**Exercise goal**: Transcribe the listing exactly, leaving out every picture.

**Provided data**:
________________
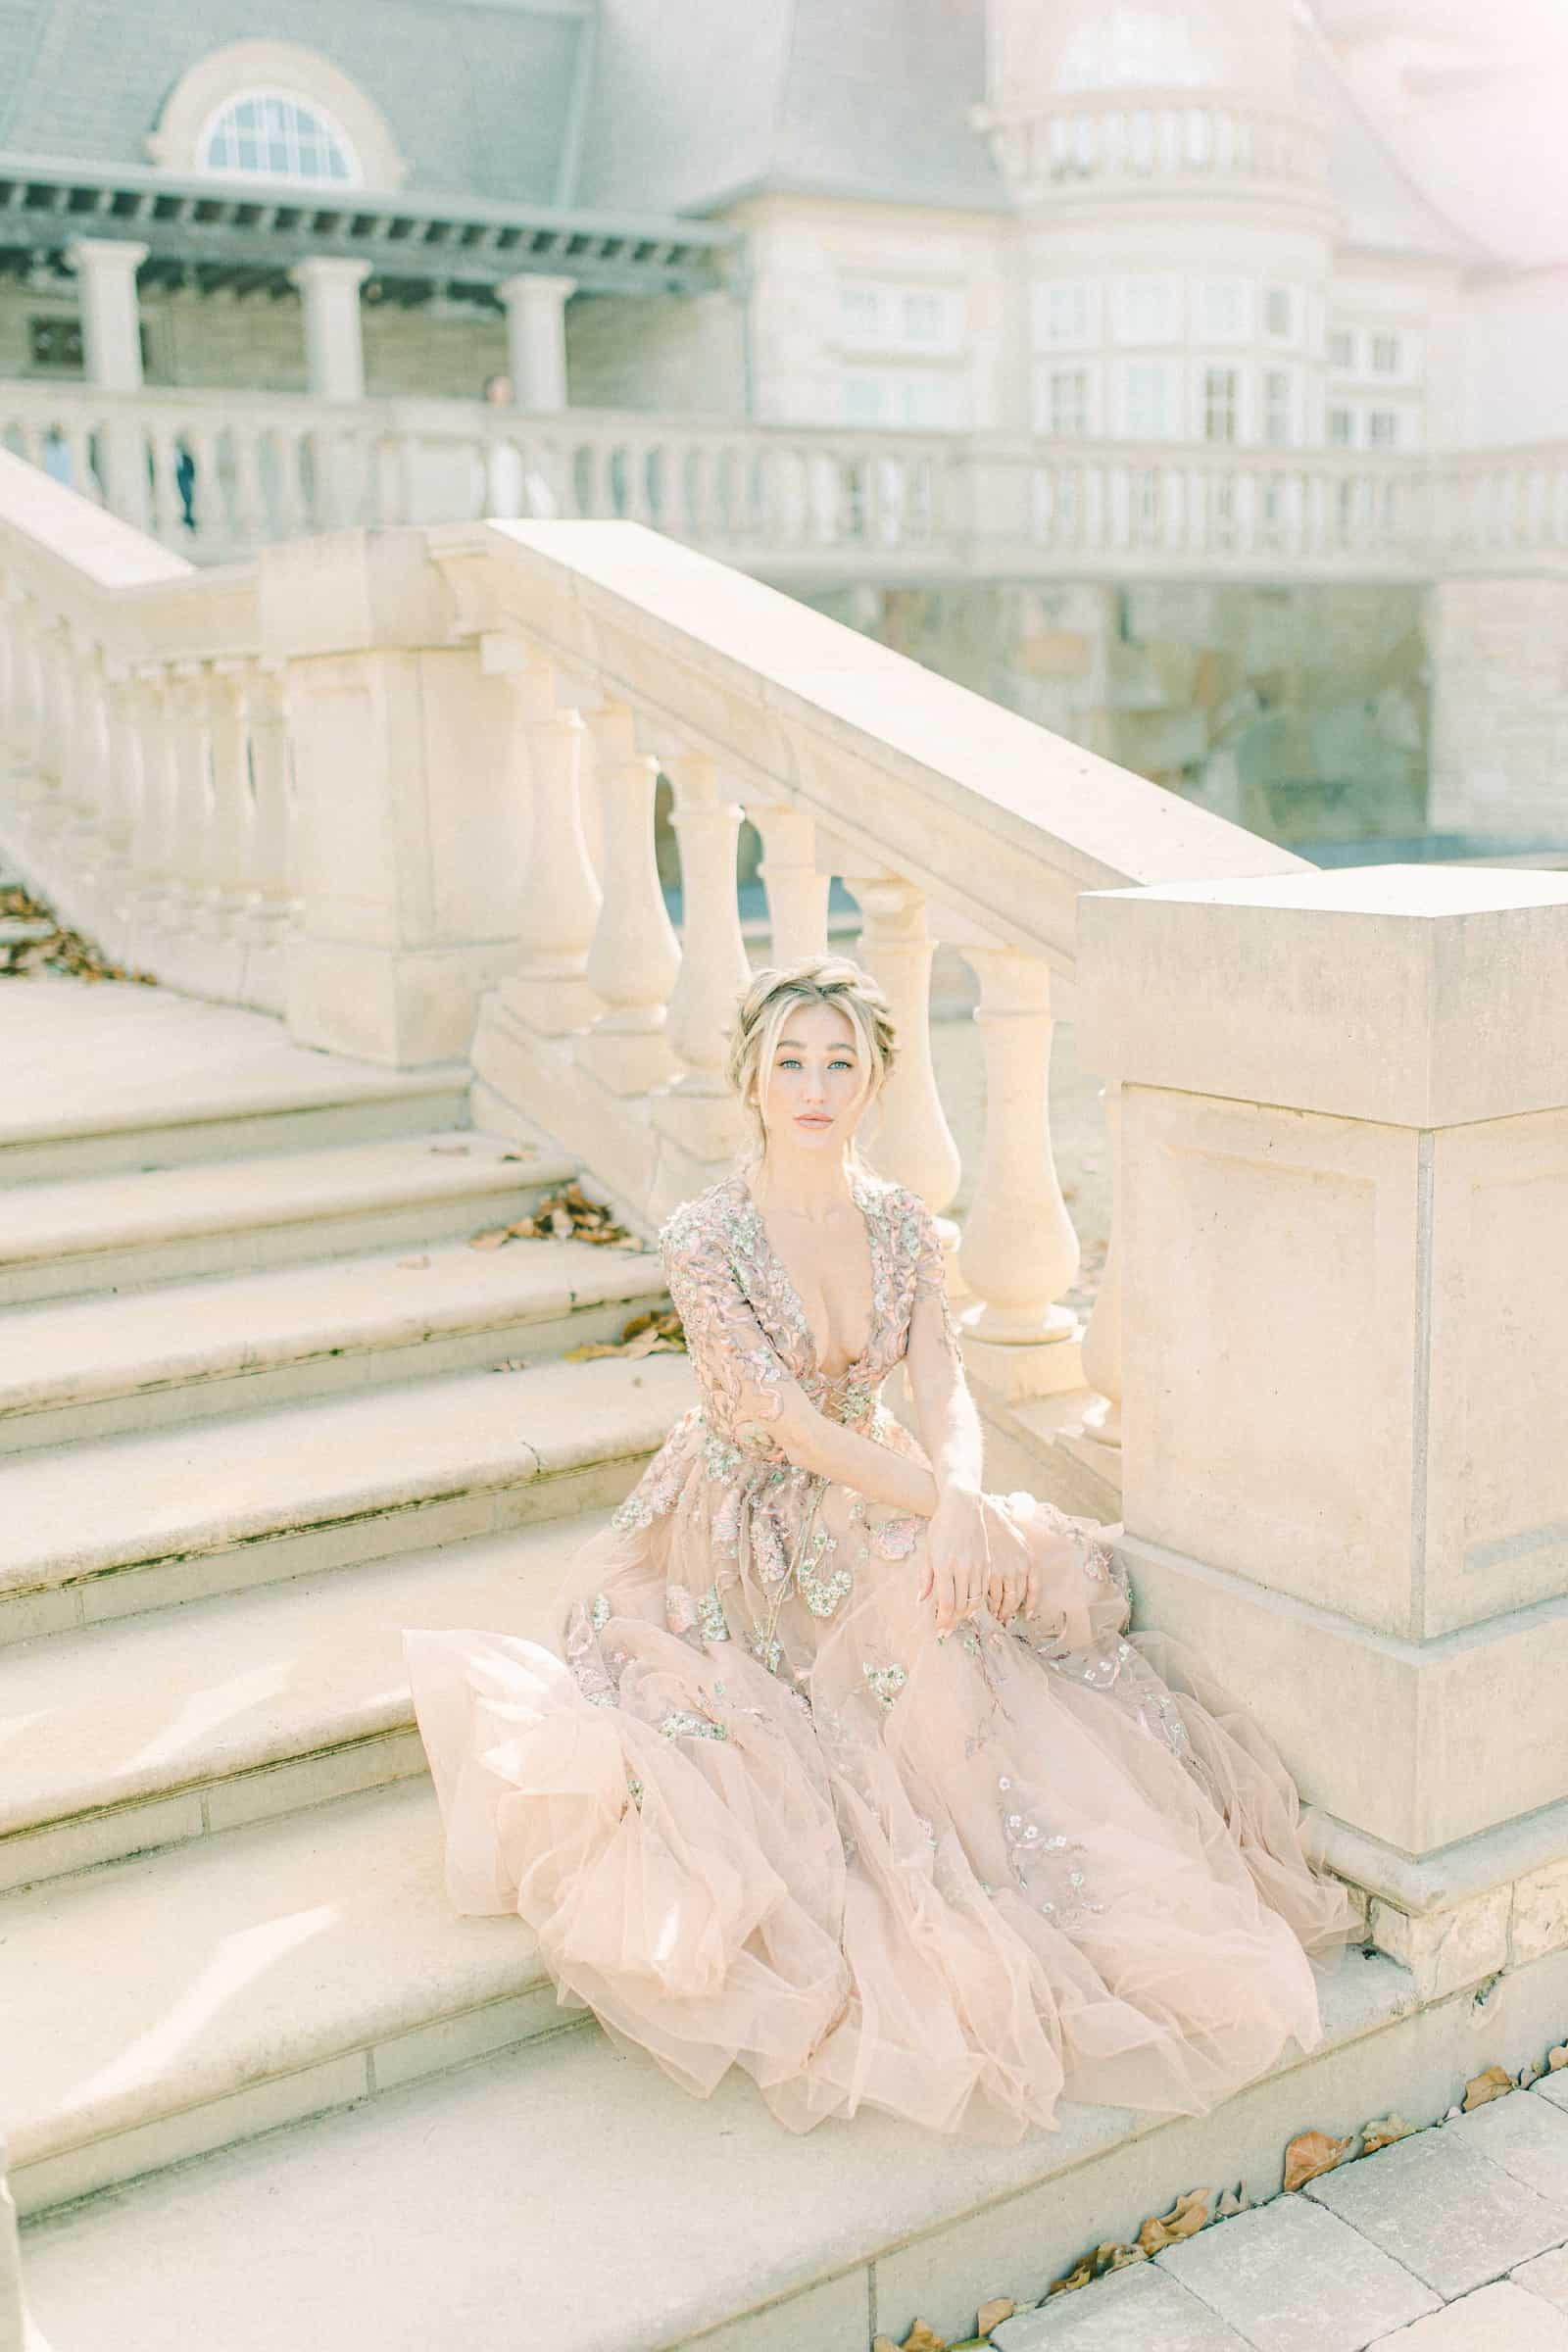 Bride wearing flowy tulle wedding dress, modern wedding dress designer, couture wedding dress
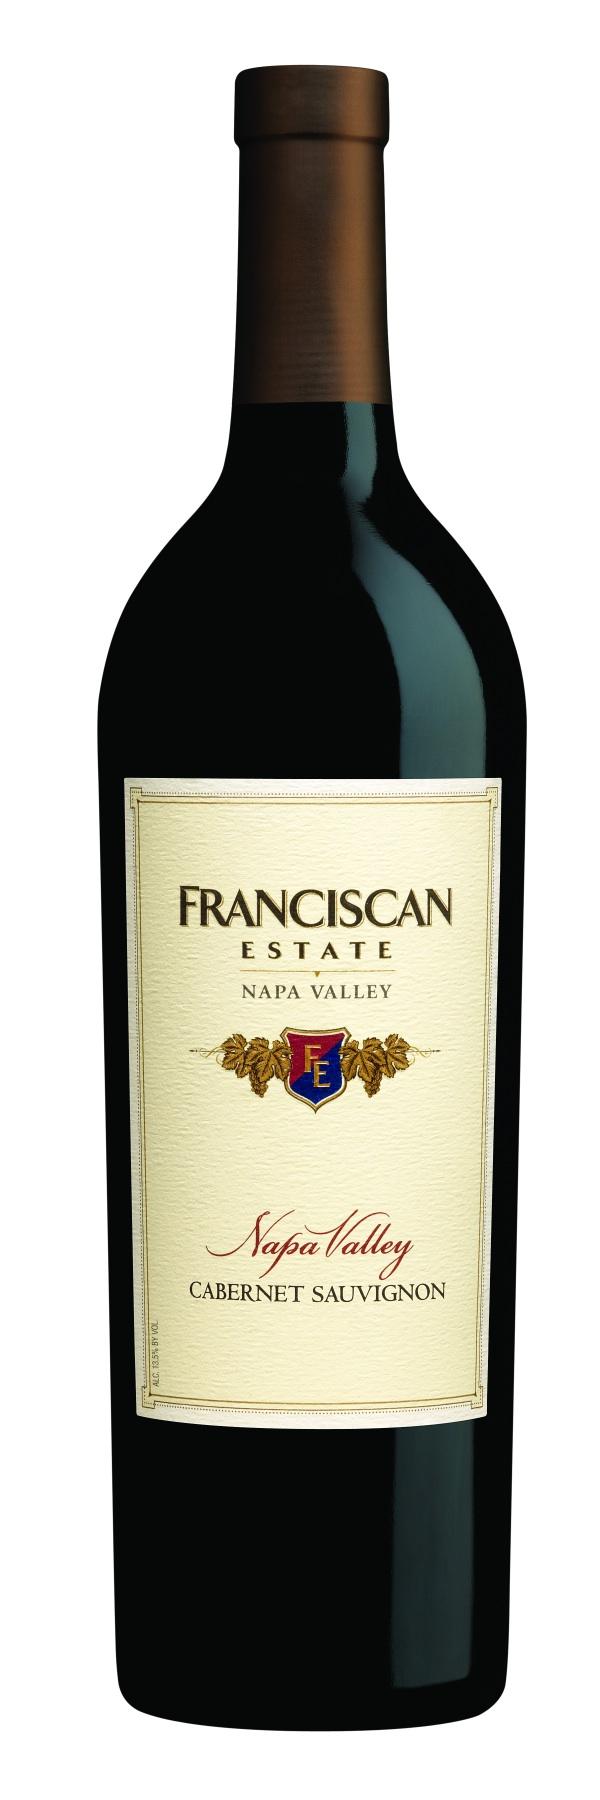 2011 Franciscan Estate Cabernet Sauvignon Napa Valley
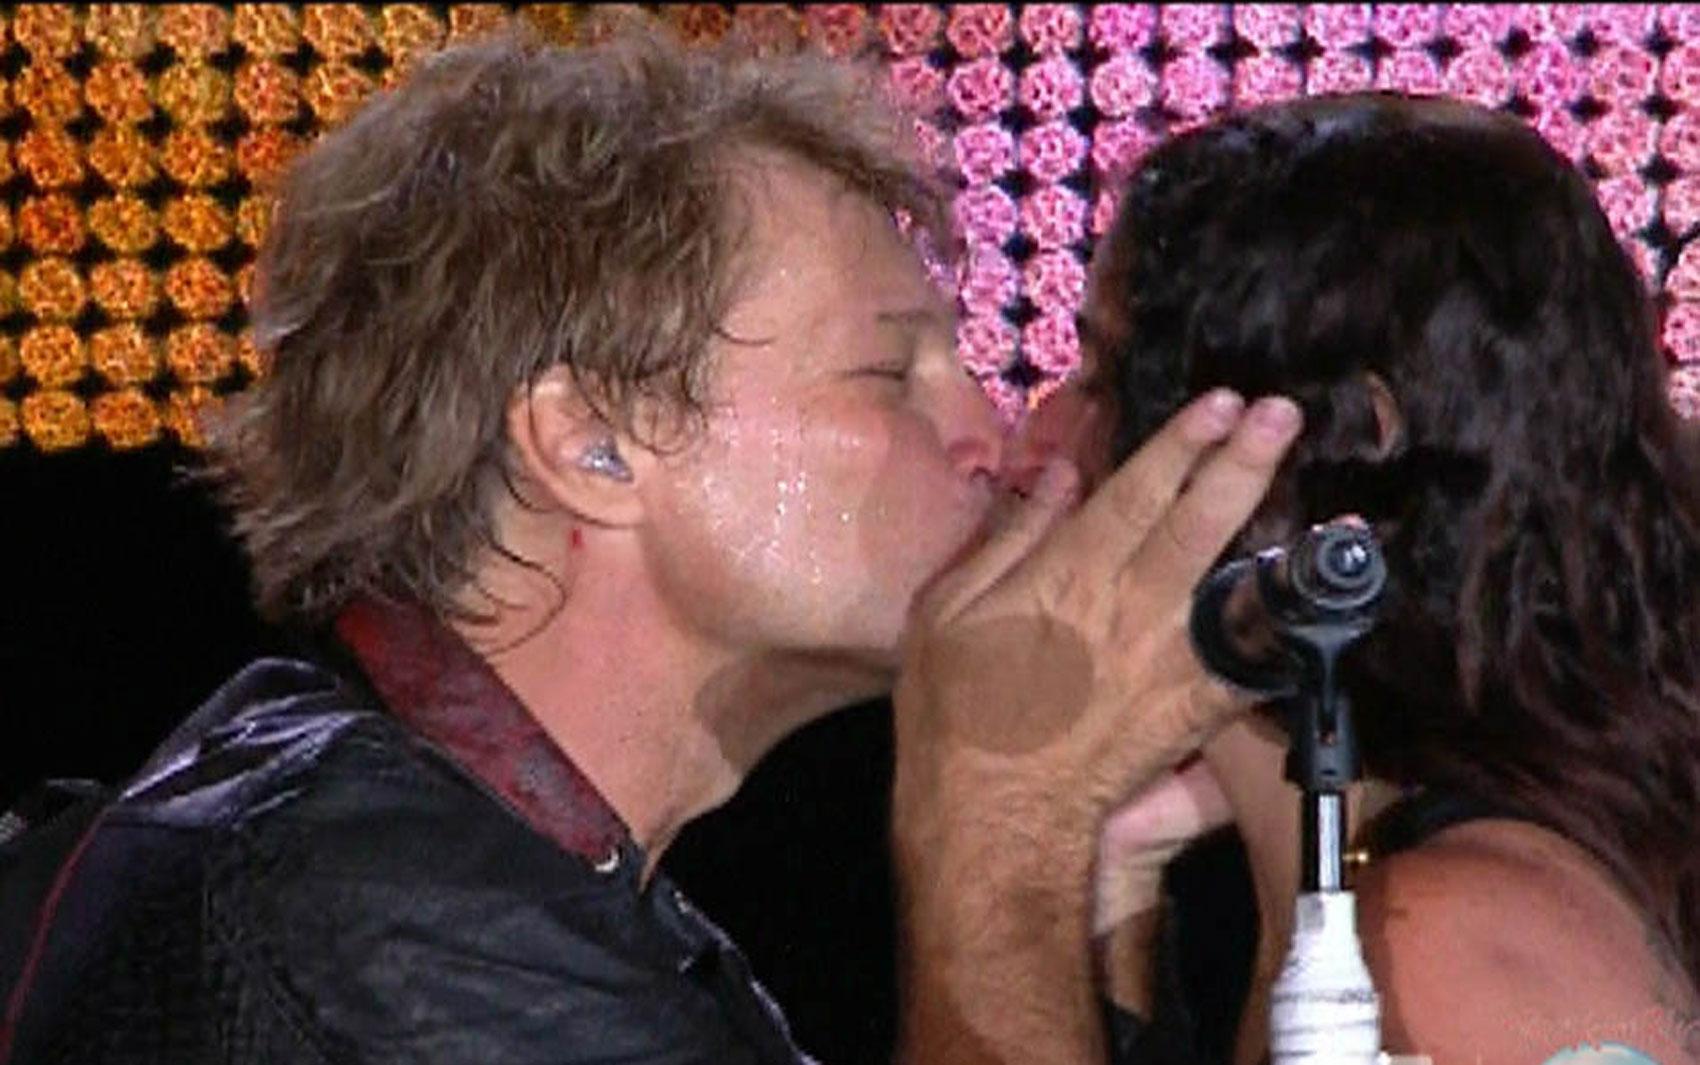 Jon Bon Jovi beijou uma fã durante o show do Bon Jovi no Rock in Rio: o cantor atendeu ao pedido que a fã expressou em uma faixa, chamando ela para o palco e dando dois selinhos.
________________
**Final answer**:
 Bride wearing flowy tulle wedding dress, modern wedding dress designer, couture wedding dress
 2011 Franciscan Estate Cabernet Sauvignon Napa Valley
 Jon Bon Jovi beijou uma fã durante o show do Bon Jovi no Rock in Rio: o cantor atendeu ao pedido que a fã expressou em uma faixa, chamando ela para o palco e dando dois selinhos.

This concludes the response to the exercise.